3.3. Features of wearable devices

A smart band was utilized in 32% of the studies, and a smartwatch in 29% of the studies. The actigraphy brand is the most commonly available commercial brand used by 15% of the studies. Only 7% of the studies utilized smart glasses. Smart belts, smart necklaces, and smart clips were only used by 3% of the studies. Other uncommon devices were described only once, such as a smart ring, human performance electrodes device, skin conductance biofeedback device, and a wearable near-infrared spectroscopy (NIRS).

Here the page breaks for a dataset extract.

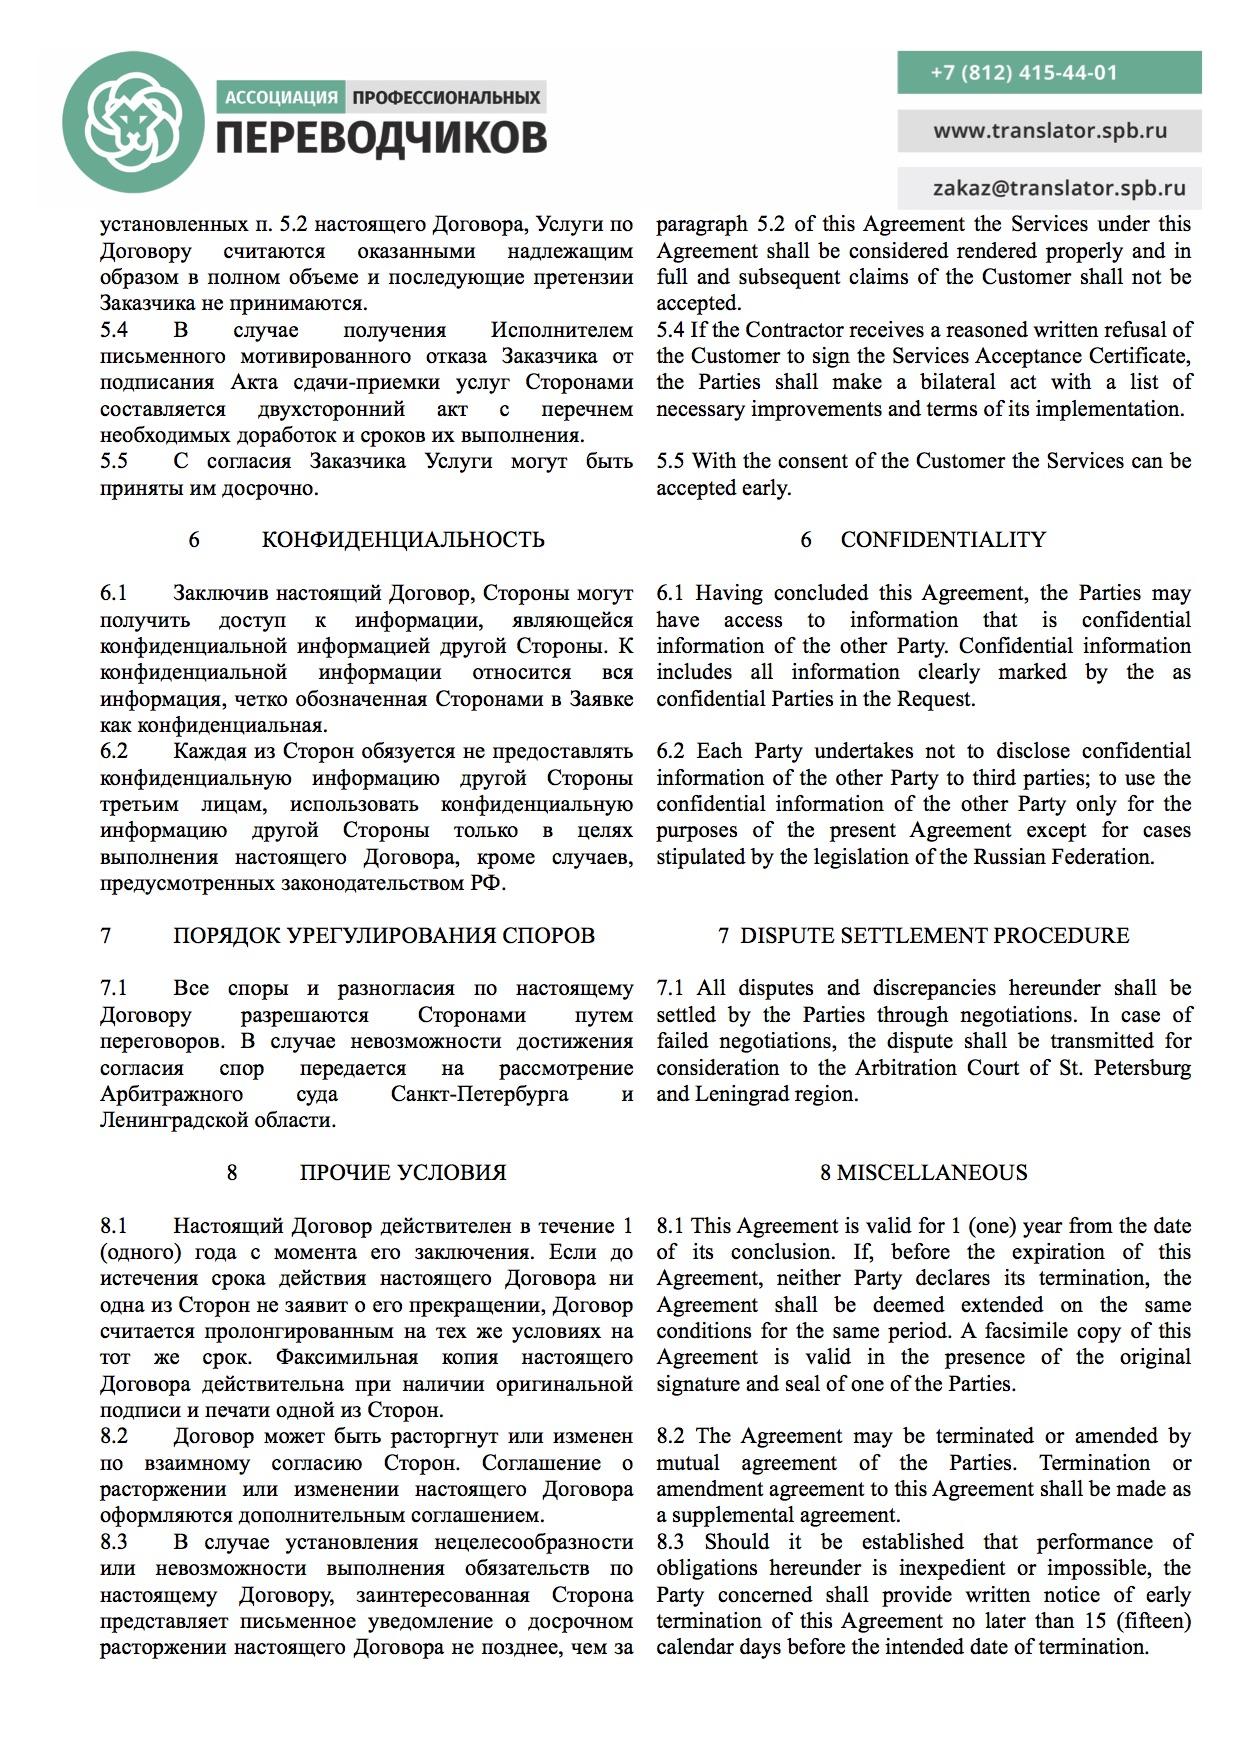 Juristische Übersetzung

The included studies show a clear dominance of wrist-worn devices (71%) over devices worn across the rest of the body or attire: waist (n = 5), head (n = 5), chest (n = 2), suit (n = 2), neck (n = 2), finger (n = 2), or elsewhere (n = 2) together make up the remaining 20%. Note that numbers do not add up since four references (S1, S9, S26, S29) describe the use of multiple devices.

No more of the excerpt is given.